Walmart has a Wagner 915 small steam cleaner for 80.00 plus. Looks like it would do the job.
Also can be used to do other honey do stuff around the house.


----------



## Shay Gear Head (Jan 3, 2008)

What about a small hand-held steamer to take out wrinkles. May not produce enough steam?


----------



## RickWeber (Mar 7, 2011)

The wrinkle steamers supply probably couldn't be constricted down enough to produce a concentrated blast like the little wand does. In past years, I've made a couple of these in larger sizes for my 7.5-inch gauge locos. At the end of the run, I would get up a head of steam before dropping the fire. There would be plenty enough to steam clean the loco. But these little locos would need for the fire to be continued to produce sufficient quantities of steam to clean 'em up at the end of a run. That's why I made a separate boiler specifically for the wand. A guy could make an adapter between the flexible high-temp hose and the live steam piping on his loco and then keep the fire on and the boiler perking at the end of a run. That way there would be a sufficient supply of steam for cleaning. 

So, I'm working on refinements to the wand and hope to have an build article in Steam in the Garden mag in the near future. No promises, but maybe I can have a few wands at Diamondhead for sale. I'll figure out the costs and post here in the next few weeks.


----------



## artgibson (Jan 2, 2008)

Take a look at the DB-Tech multi purpose steam cleaner. At Amazon for 32.99 . Just another idea that looks like it will work.

Checked Harbour Freight, they have a McCullough 1275 that looks a lot like the Wagner. Has a video that shows really cleaning up some nasty greasey stuff.
I have the Wagner coming tomorrow. Will let you know how it works on one of my steamers.
Always something to spend money on and keep me out of trouble.
Gosh I love the smell of alcohol and coal in the morning.


----------



## artgibson (Jan 2, 2008)

http://youtu.be/ZxGjTP3dgHo 
Okay
Got the Wagner 915 steam cleaner and hooked it up today to see how she works.
Takes about 10 minutes to heat up about 36ounces of water to get steam and away she goes.
SRRL 24 was not all that dirty but wanted to see how much pressure it would build ,so as not to blow everthing off engine.
If the engines are dirtier, a little Orange solution before hand would do the trick.

BTW
Started using a new film editing program and it is responsible for music in background.


----------



## RickWeber (Mar 7, 2011)

How did it work?


----------



## artgibson (Jan 2, 2008)

Posted By RickWeber on 14 Sep 2013 06:58 PM 
How did it work? 
Rick
The short video I have up above give some idea about how it works. I think it wii do great if you happen to have a reeal dirty engine, just apply small amout of precleaner. I did not put the steamer as close to the engine as I will in future because I did not know how much pressure it would apply.
I will use it next time on my coal fired engine to really give it a test.


----------



## jfrank (Jan 2, 2008)

I just use kerosene and a small paint brush.


----------



## artgibson (Jan 2, 2008)

Posted By RickWeber on 14 Sep 2013 06:58 PM 
How did it work? 

Rick,Maybe one of your wands could be adapted to use with the Wagner. The wagner doe put out a lot of steam and probably could be more concentrated.
BTW John, it is a lot nicer smelling than kerosene.


----------



## jfrank (Jan 2, 2008)

Art, I like the smell of kerosene "in the morning". lol


----------



## Semper Vaporo (Jan 2, 2008)

A caveat to those that might be considering using some of these commercial "steamers" as a pressure vessel... There is the temptation to narrow down the outlet to get greater pressure and velocity in the steam for better cleaning action, but that could be VERY DANGEROUS thing to attempt. Those devices are not designed for pressure. They are designed to produce steam and direct it out of a wide nozzle AT atmospheric pressure, NOT above atmospheric pressure.

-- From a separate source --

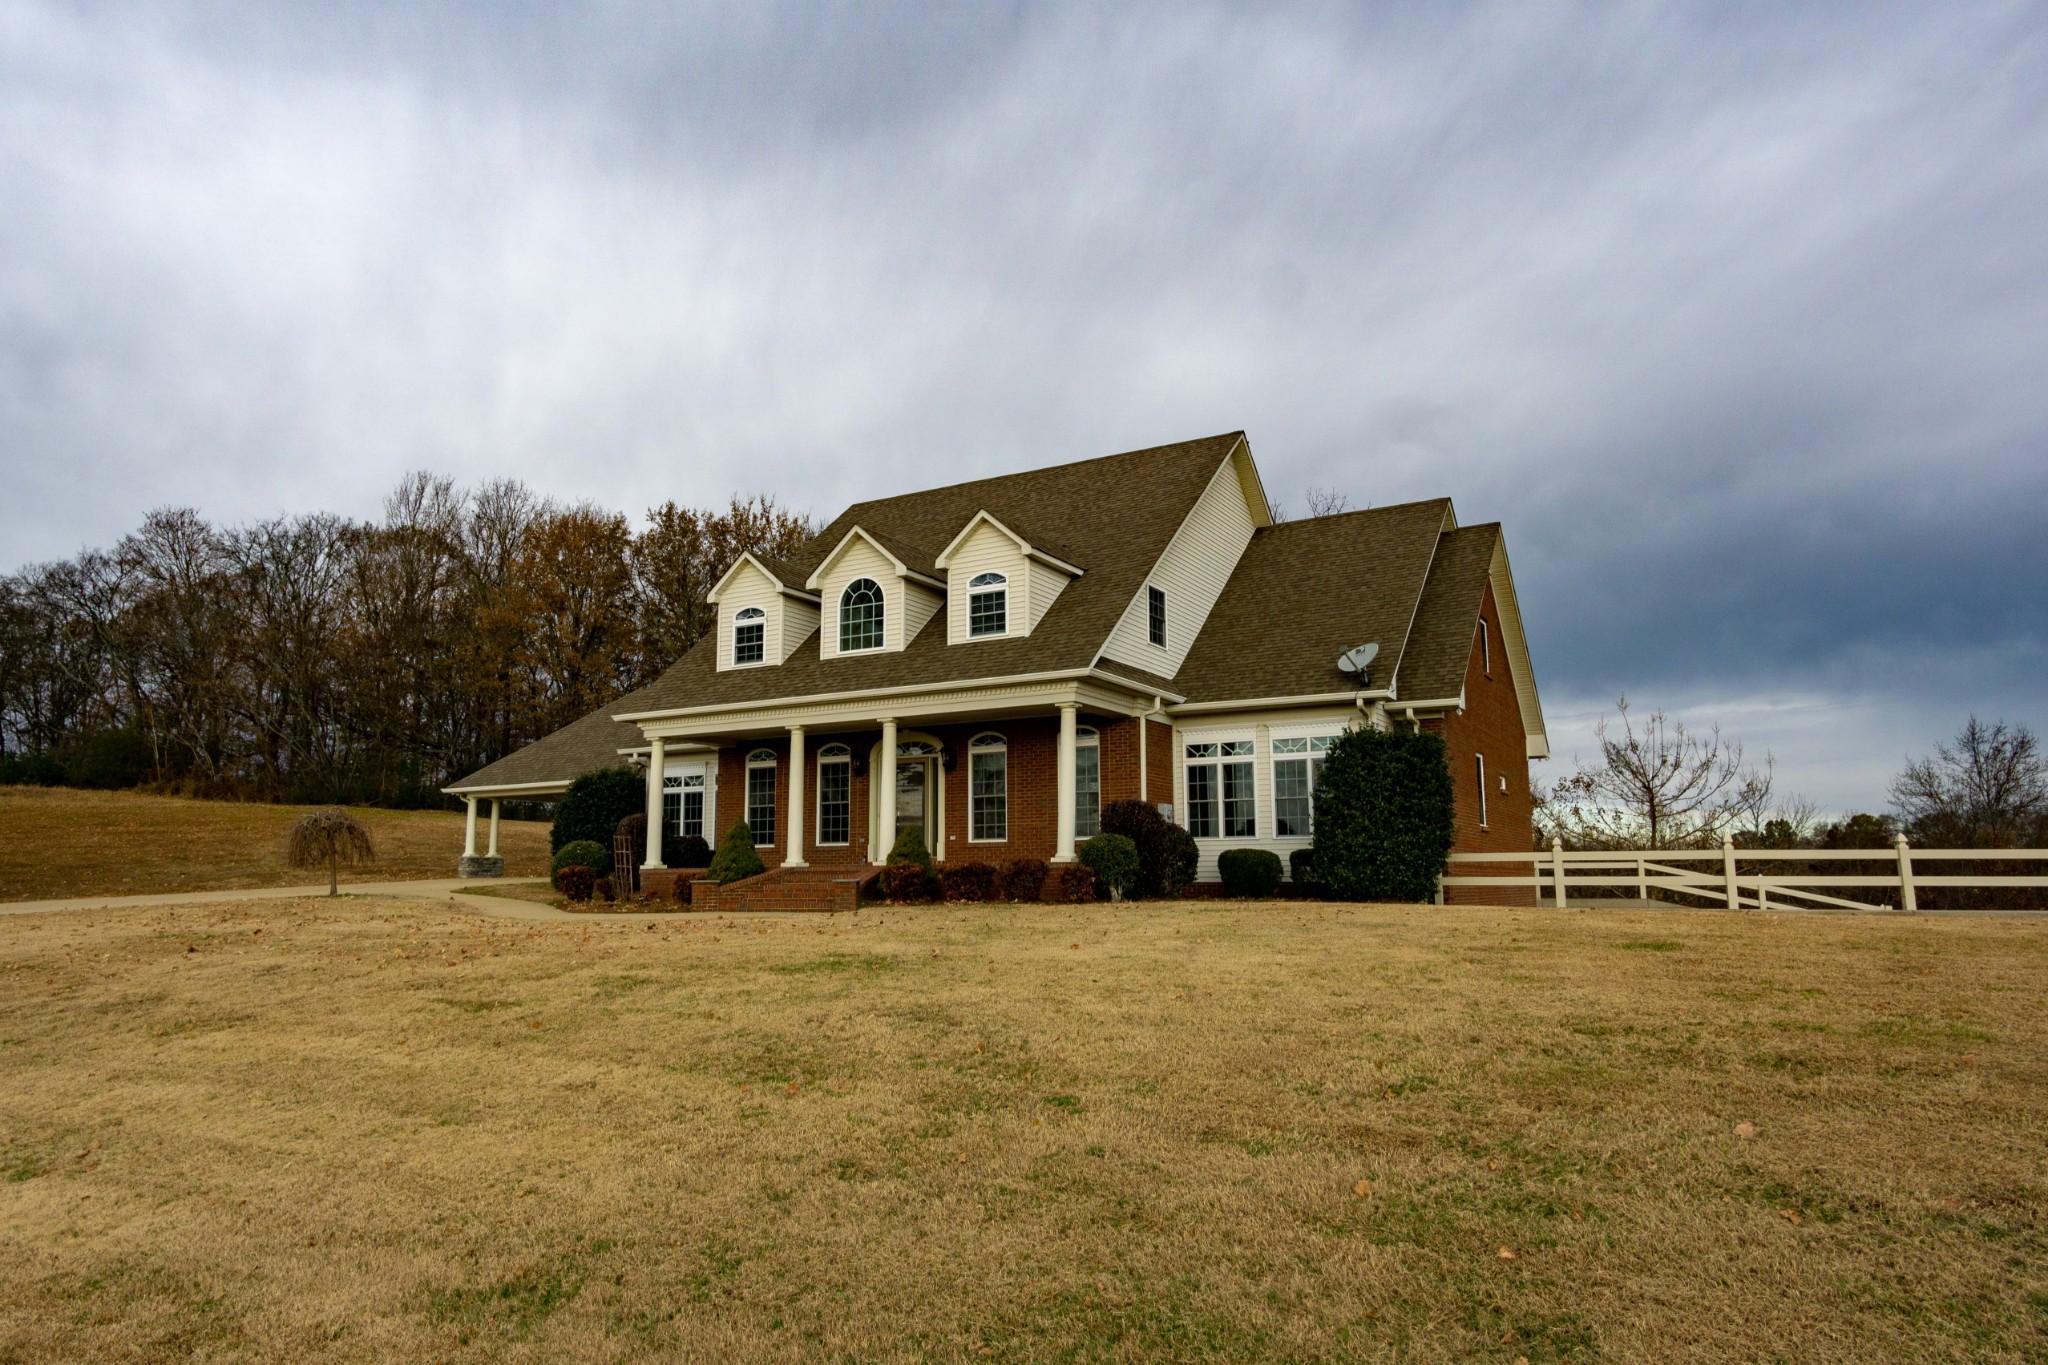 270 Ables Ln, Pulaski, TN 38478 - Pulaski, TN real estate listing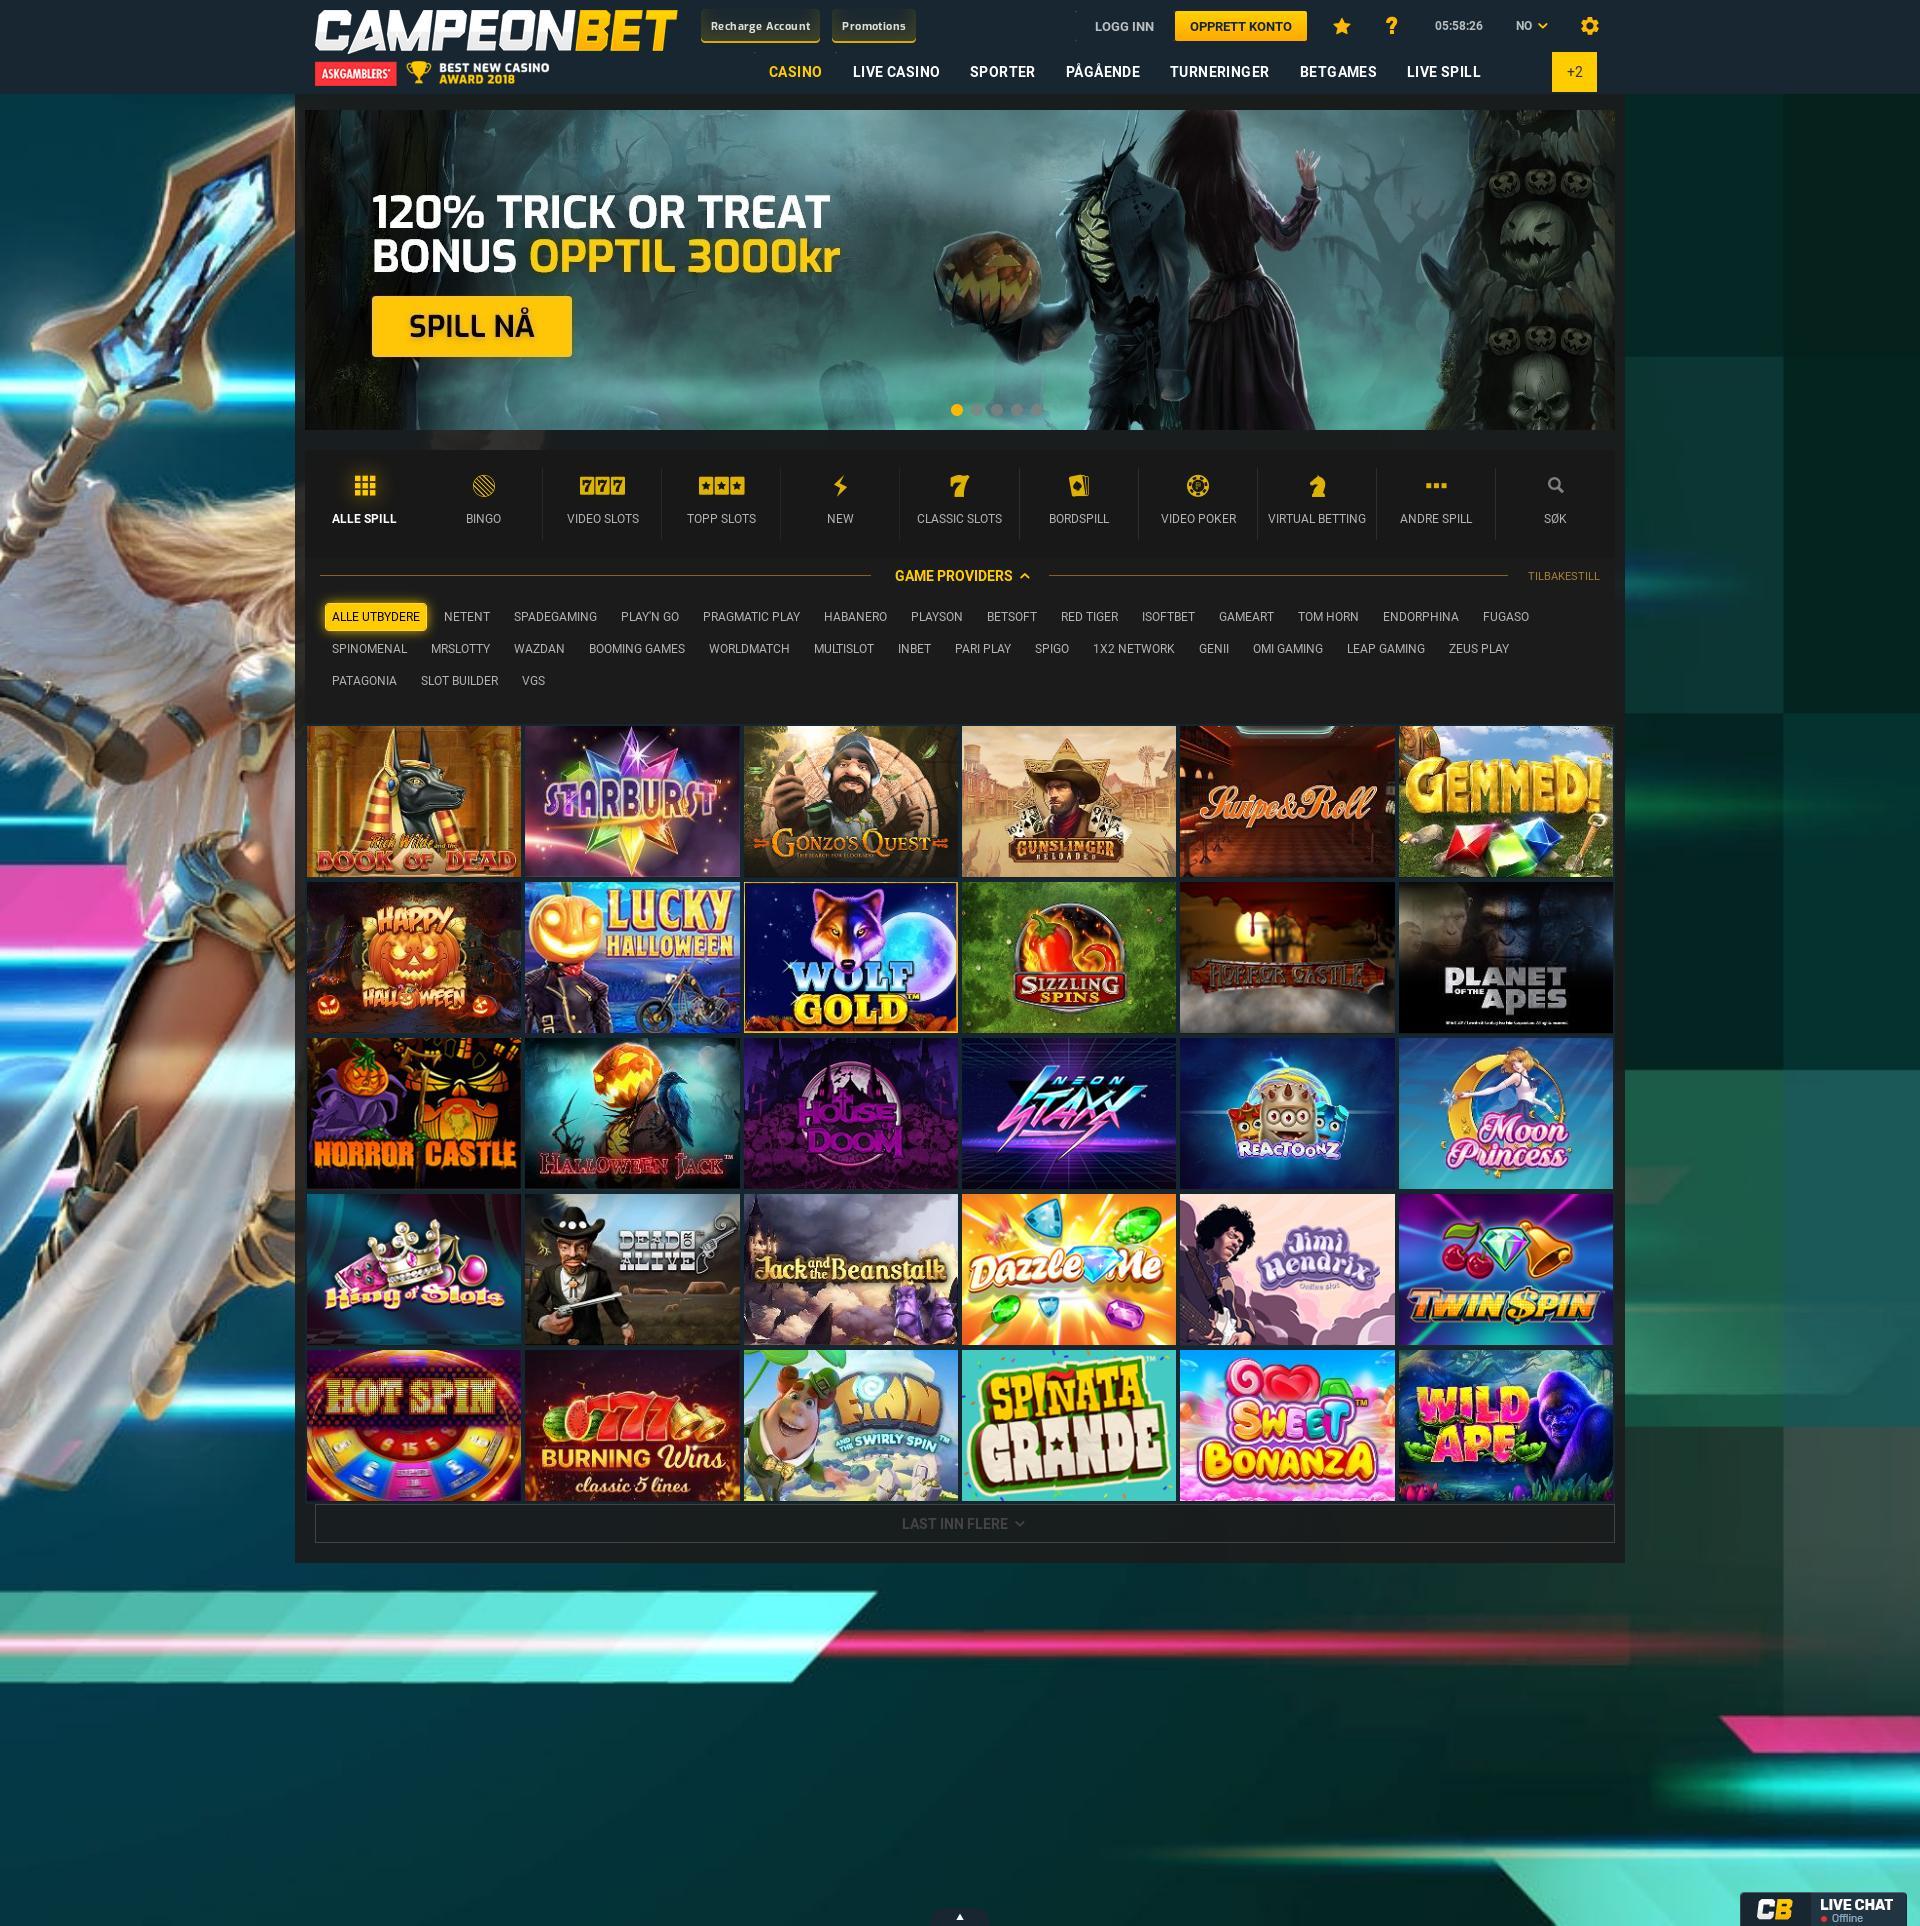 Casino screen Lobby 2019-10-21 for Norway

If you do "bottle" the steam up, the device will probably not give you any sort of warning that it is about to rupture... It'll just go kablooey. I doubt if it would be enough of a kaboom to break a window in the room or throw shrapnel around, but it WILL expel boiling water that is flashing into steam due to the sudden reduction of pressure. (Do an on-line search for the term "BLEVE" if you want to understand the process, but suffice it to say that water under pressure can be raised to a temperature above the 212° atmospheric pressure boiling point and if the pressure is released, the water will suddenly flash to steam.) That boiling water will most likely land on YOU and/or anyone near you, giving you at least 2nd and possibly 3rd degree burns.... Not pleasant at all.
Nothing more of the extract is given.